Change your Thoughts - Change your Outlook;
Change your Outlook - Change your World.

Funny Words of Wisdom: Page 3
Weird Facts


  • Dentists have recommended that a toothbrush be kept at least 6 feet away from a toilet to avoid airborne particles resulting from the flush.


  • The liquid inside young coconuts can be used as substitute for blood plasma.


  • No piece of paper can be folded in half more than 7 times.


  • Donkeys kill more people annually than plane crashes.


  • The king of hearts is the only king without a moustache.


  • Venus is the only planet that rotates clockwise.


  • Apples, not caffeine, are more efficient at waking you up in the morning.(Or at any time for that matter.)


  • The plastic things on the end of shoelaces are called aglets.


  • Most dust particles in your house are made from dead skin.


  • Pearls melt in vinegar.


  • The three most valuable brand names on earth: Marlboro, Coca-Cola, and Budweiser, in that order.


  • It is possible to lead a cow upstairs...but not downstairs.


  • A duck's quack doesn't echo and no one knows why.


  • Turtles can breathe through their anus.


  • On average, 100 people choke to death on ball-point pens every year.


  • Elephants are the only animals that can't jump.


  • Women blink nearly twice as much as men.


  • It's physically impossible for you to lick your elbow. ---- Hey! I saw you just try! (Nearly everyone does when they read that.)


  • The Main Library at Indiana University sinks over an inch every year because when it was built, engineers failed to take into account the weight of all the books that would occupy the building.


  • A snail can sleep for three years.


  • No word in the English language rhymes with "month."


  • Our eyes are always the same size from birth, but our nose and ears never stop growing.


  • All polar bears are left handed.


  • A crocodile cannot stick its tongue out.


Why Is It?
Some questions I often ponder.

  • Why do we press harder on a remote control when we know the batteries are getting weak?

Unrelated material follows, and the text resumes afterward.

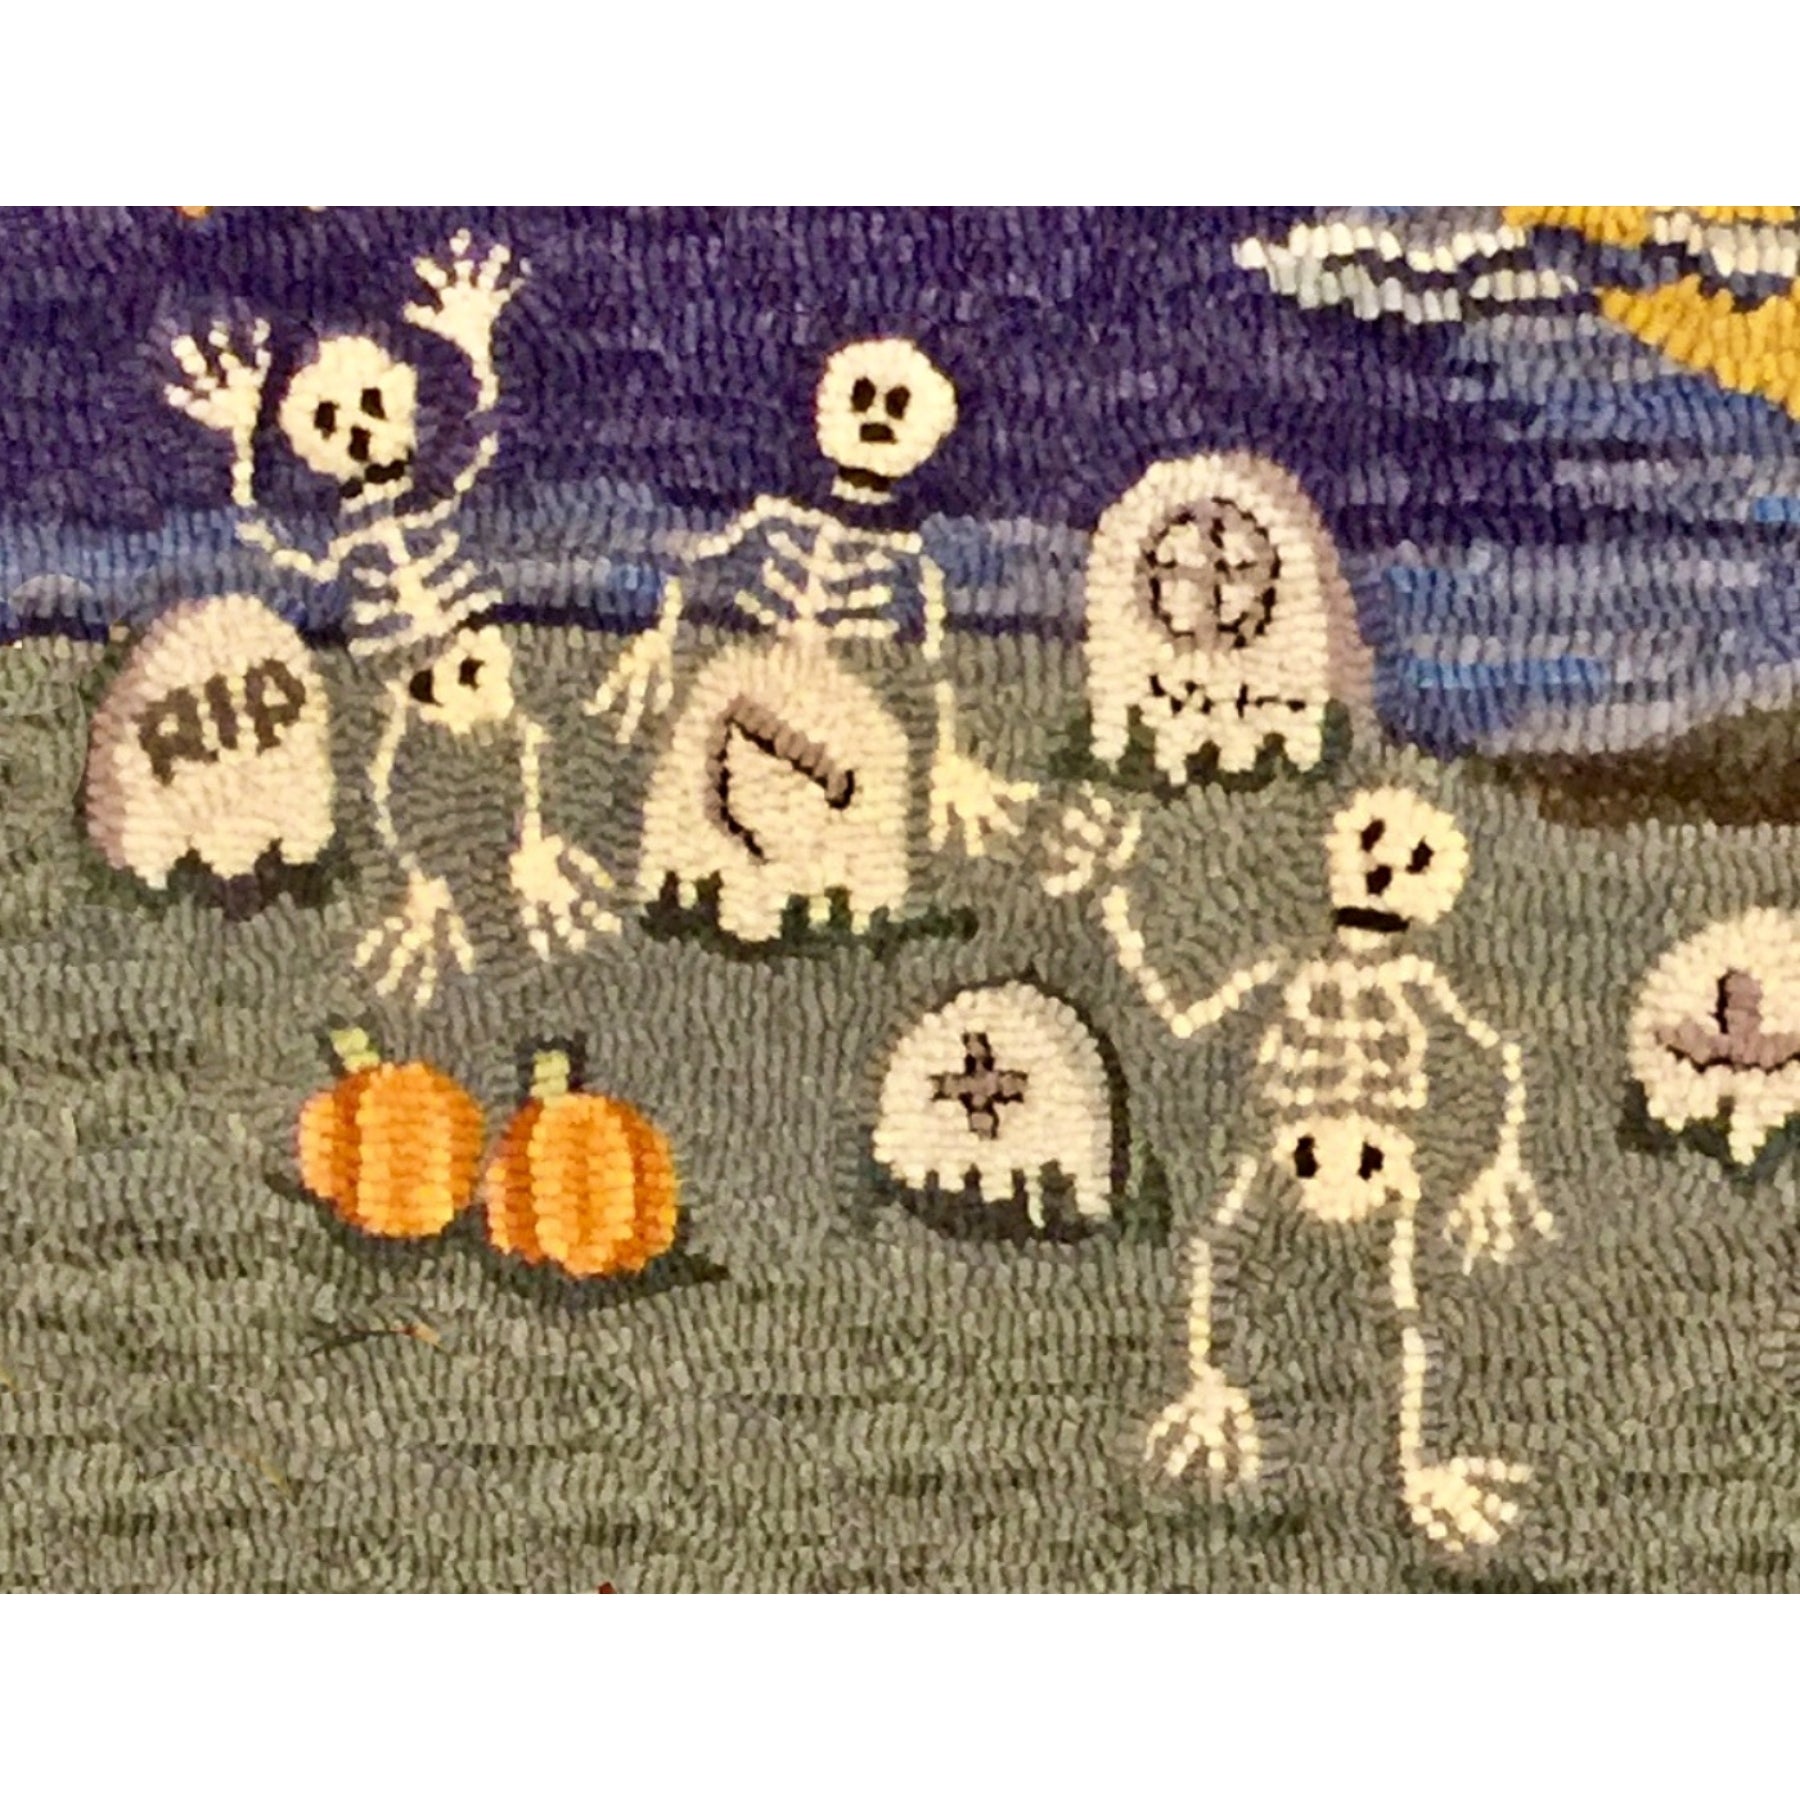 9 Jacks - Skeletons, rug hooked by Martha Lowry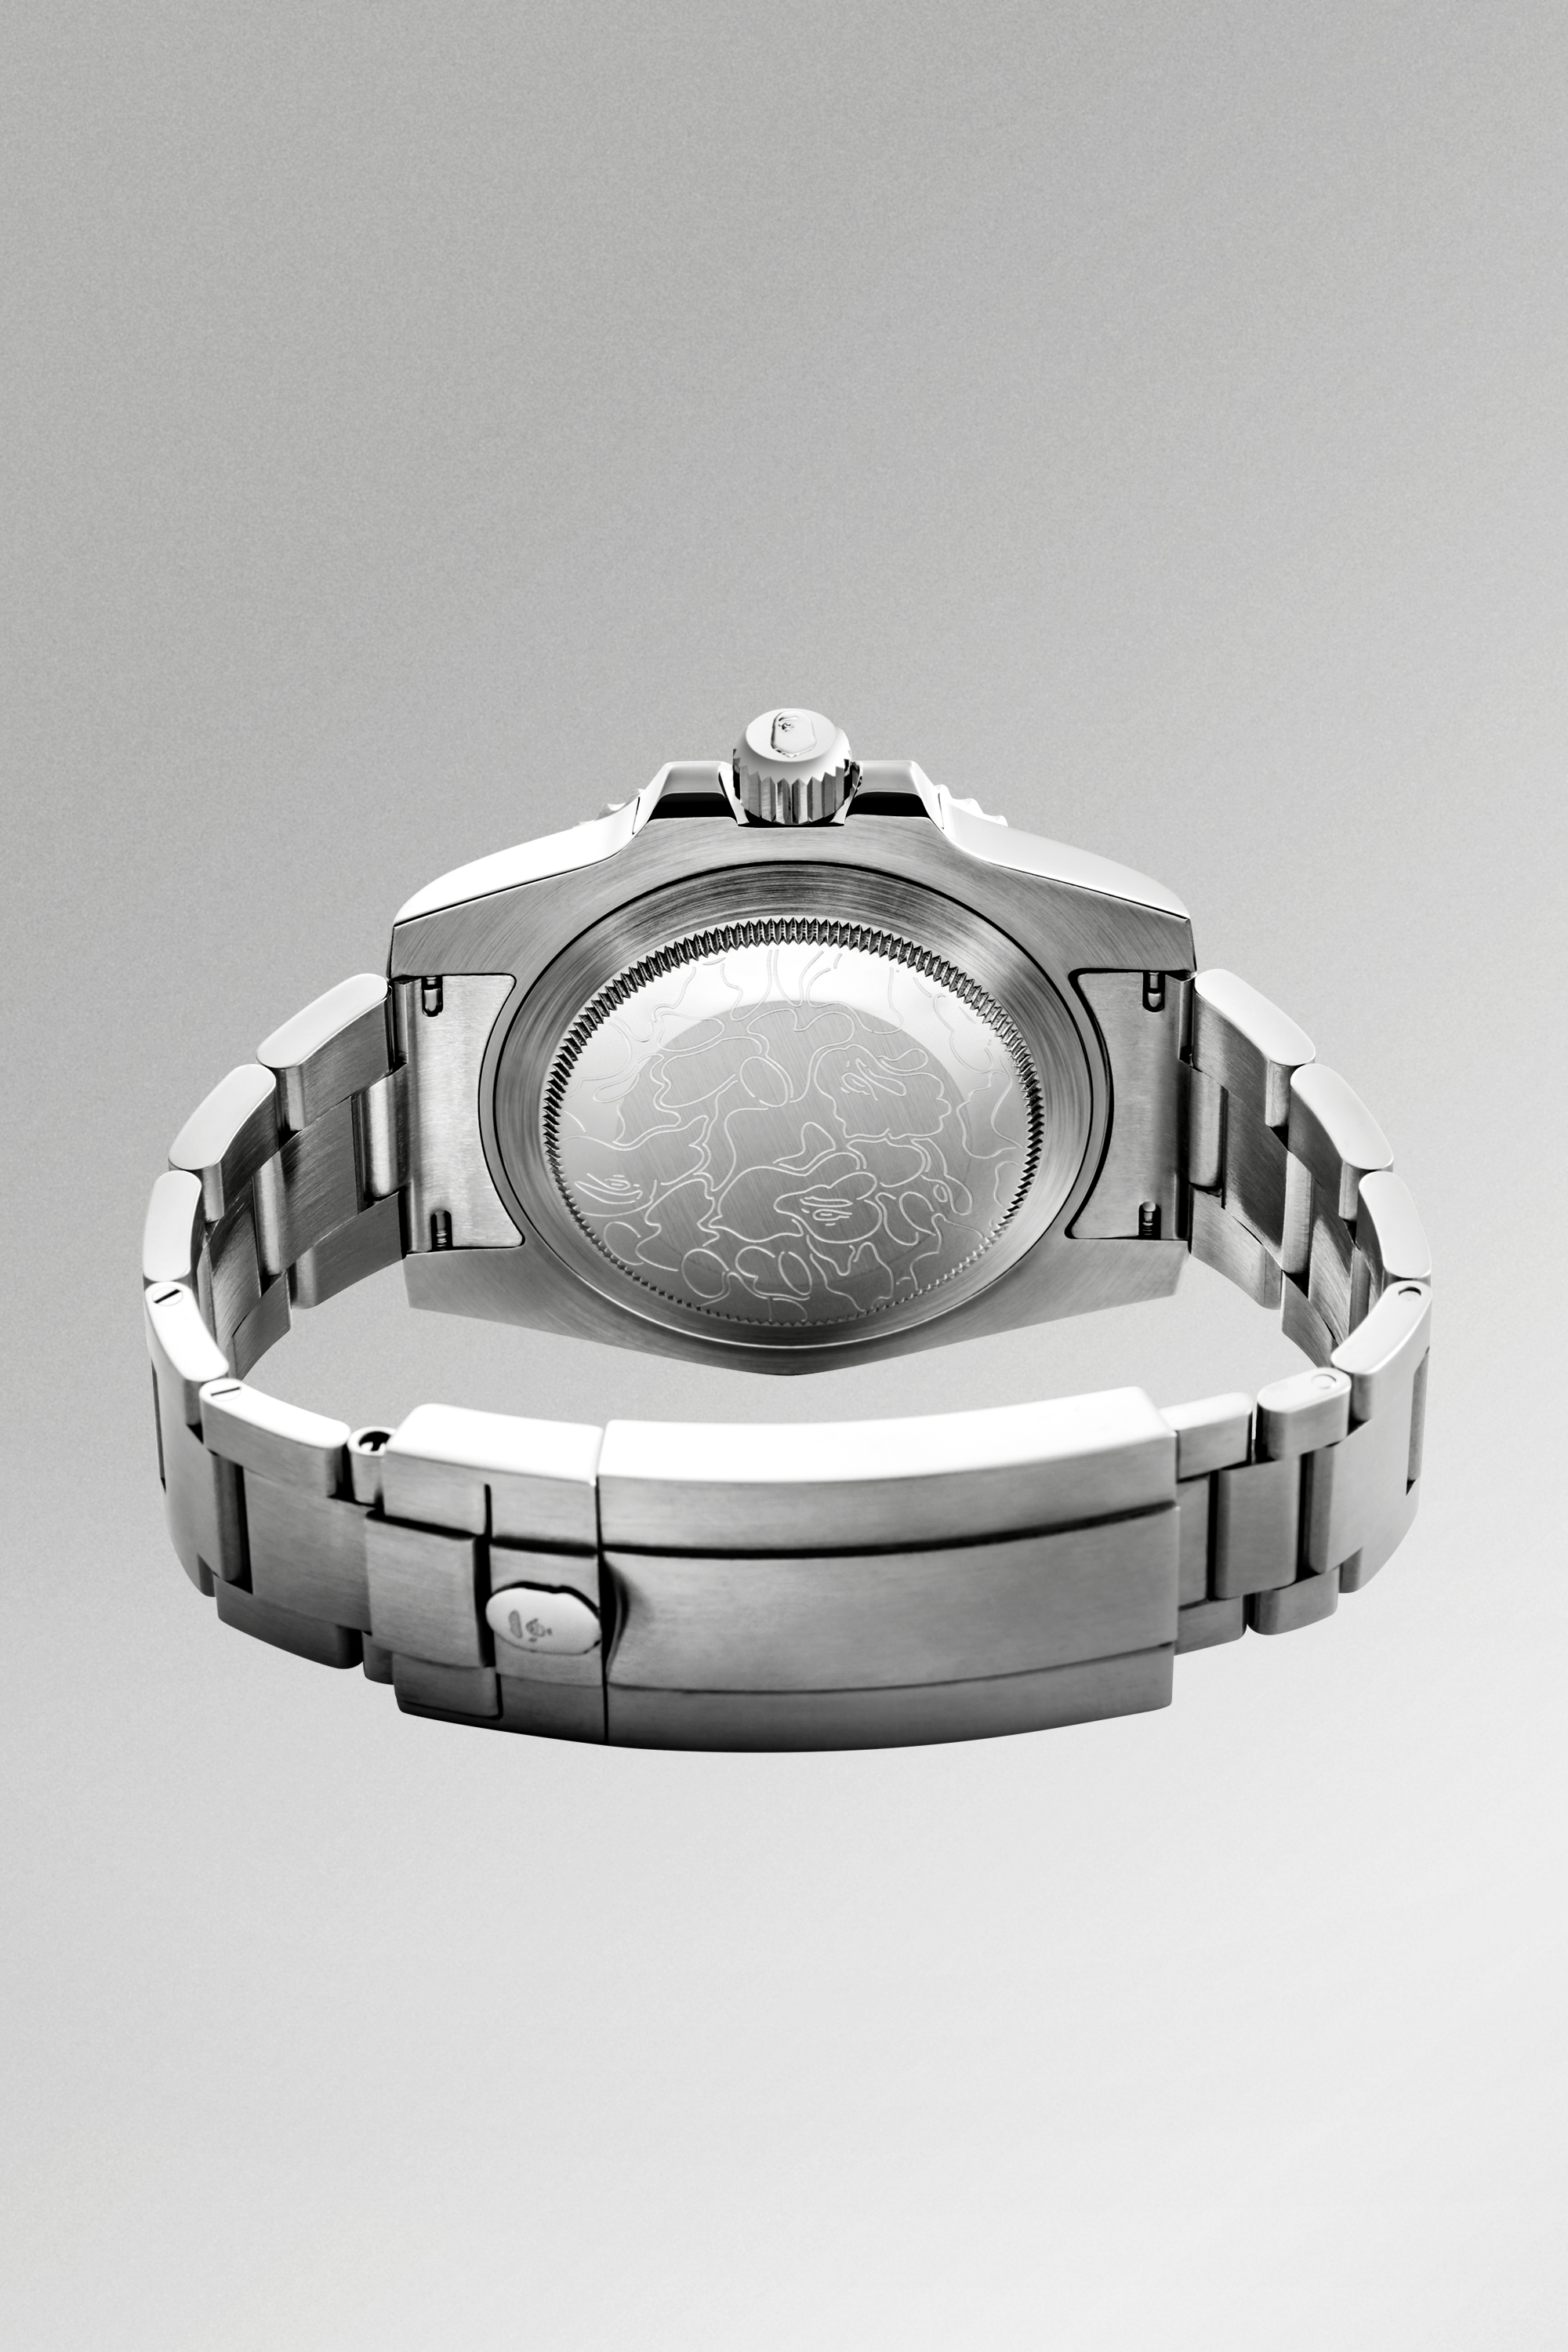 BAPE Unveils New BAPEX Type 1 Watch Collection | Complex

  • Why do we nearly shout when we speak to someone that doesn't speak our language?


  • Why do banks charge a fee on "insufficient funds" when they know there is not enough?


  • Why does someone believe you when you say there are four billion stars, but checks when you say the paint is wet?


  • Why doesn't glue stick to the bottle?


  • Why do they use sterilized needles for death by lethal injection?


  • Why doesn't Tarzan have a beard?


  • Why does Superman stop bullets with his chest, but ducks when you throw a revolver at him?


  • Why do Kamikaze pilots wear helmets?


  • Whose cruel idea was it to put an "S" in the word "lisp"?


  • If people evolved from apes, why are there still apes?


  • Does a clean house indicate that there is a broken computer in it?


  • Why is it that no matter what color bubble bath you use the bubbles are always white?


  • Is there ever a day that mattresses are not on sale?


  • Who will know if you remove the tag from your own mattress or pillow? Is there such a thing as "The Mattress/Pillow Tag Removal Police"?


  • Why do people constantly return to the refrigerator with hopes that something new to eat will have materialized?


  • Why do people keep running over a string a dozen times with their vacuum cleaner, then reach down, pick it up, examine it, then put it down to give the vacuum one more chance?


  • Why is it that no plastic bag in the supermarket will open from the end you first try?


  • How do those dead bugs get into those closed light fixtures?


  • Why is it that whenever you attempt to catch something that's falling off the table you always manage to knock something else over?


  • In winter why do we try to keep the house as warm as it was in summer when we complained about the heat?


  • How come you never hear father-in-law jokes?


  • If at first you don't succeed, shouldn't you try doing it like your wife told you to do it?


  • Why is it that the length of a 'minute' varies by which side of the bathroom door you are on?


  • The statistics on sanity are that one out of every four persons is suffering from some sort of mental illness. Think of your three best friends...if they're okay, then it's you.